Rui Borges

Personal information
- Full name: Rui Fernando Nascimento Borges
- Date of birth: 14 December 1973 (age 51)
- Place of birth: Lisbon, Portugal
- Height: 1.66 m (5 ft 5 in)
- Position(s): Attacking midfielder

Youth career
- 1984–1988: Estrela da Amadora
- 1988–1989: Futebol Benfica
- 1989–1990: Damaiense
- 1990–1992: Casa Pia

Senior career*
- Years: Team / Apps / (Gls)
- 1992–1995: Casa Pia / 28 / (3)
- 1995–1996: Boavista / 10 / (1)
- 1996–1997: Académico de Viseu / 28 / (2)
- 1997–1998: C.F. União de Lamas / 29 / (5)
- 1998–2002: Alverca / 119 / (13)
- 2002–2004: Belenenses / 39 / (1)
- 2004–2007: Estrela da Amadora / 68 / (6)
- 2007–2009: Trofense / 36 / (3)
- 2009–2010: Vizela / 4 / (0)
- Total:  / 361 / (34)

Managerial career
- 2011–2012: Vizela (assistant)
- 2012–2013: Boavista (assistant)

= Rui Borges (footballer, born 1973) =

Portuguese footballer

Rui Fernando Nascimento Borges (born 14 December 1973) is a Portuguese retired professional footballer who played as an attacking midfielder.

==Playing career==
Borges was born in Lisbon.

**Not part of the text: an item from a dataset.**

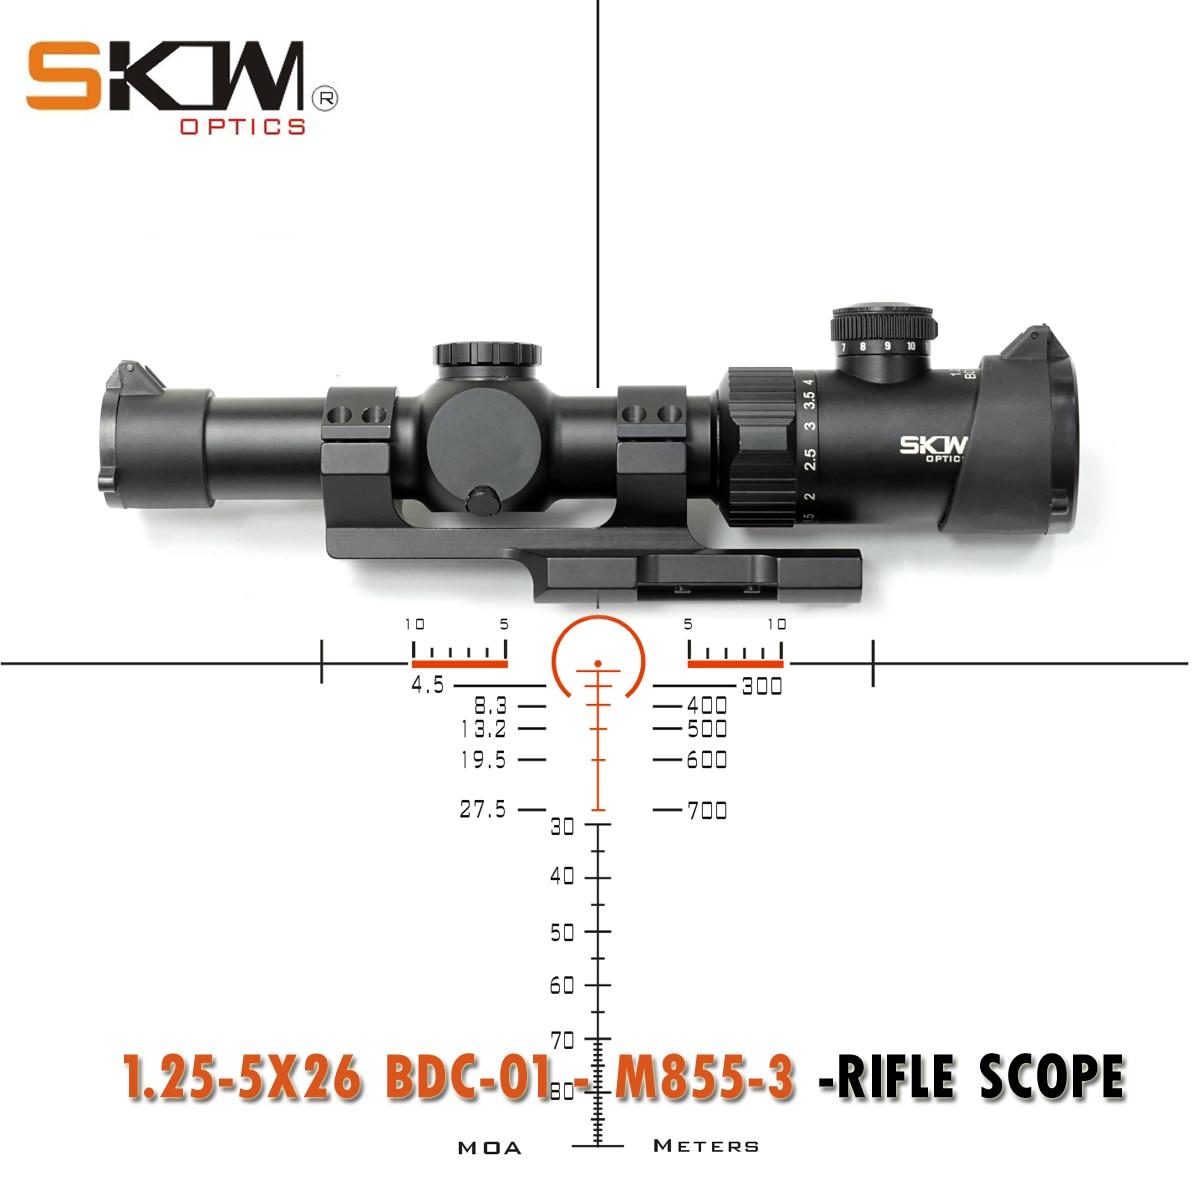 SKWoptics1.25-5x26bdc-01-M855-3 Tactical Riflescopes Hunting AR,M4  Sight Compact Rifle Scope Ar15 BDC Reticle 30 Scope Rings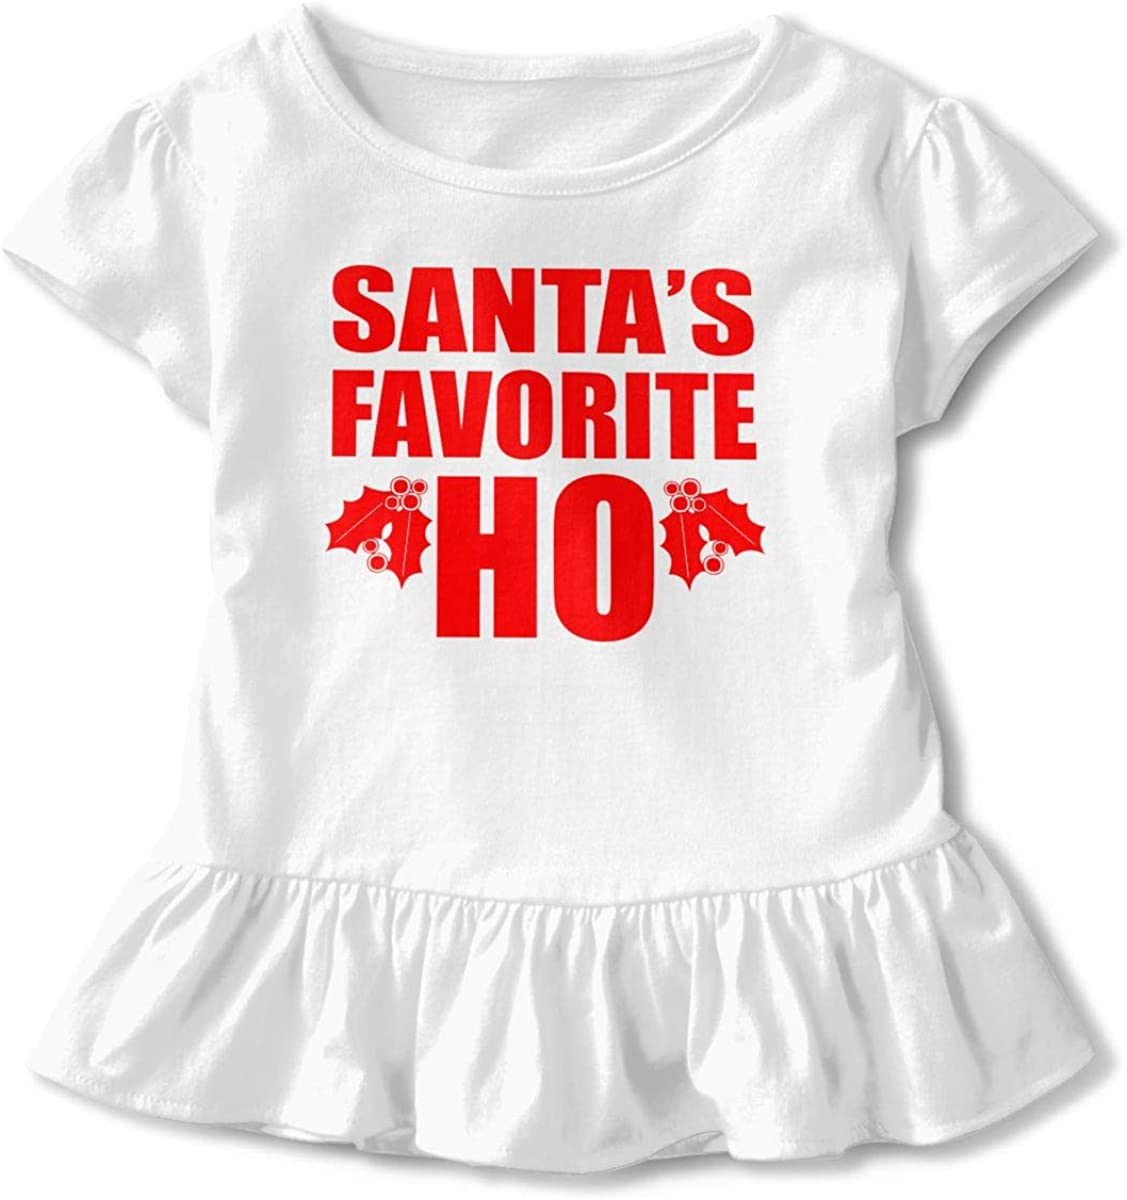 NMDJC CCQ Santas Favorite Ho Ugly Christmas Baby Skirts Cute Kids T Shirt Dress Cotton Flounces Layette

During his extensive professional career he represented Casa Pia, Boavista (where he made his Primeira Liga debut), Académico de Viseu, C.F. União de Lamas, Alverca, Belenenses, Estrela da Amadora, Trofense – contributing with 26 games and two goals to their first ever top-flight promotion in 2008 – and Vizela.

Over ten seasons, Borges amassed Portuguese top division totals of 221 matches and 18 goals, mainly for Alverca where he spent four years.

==Coaching career==
Borges began his coaching career at Vizela in July 2011, as assistant to Quim Berto. In October 2012, he moved to another former employer Boavista, to assist new player-manager Petit.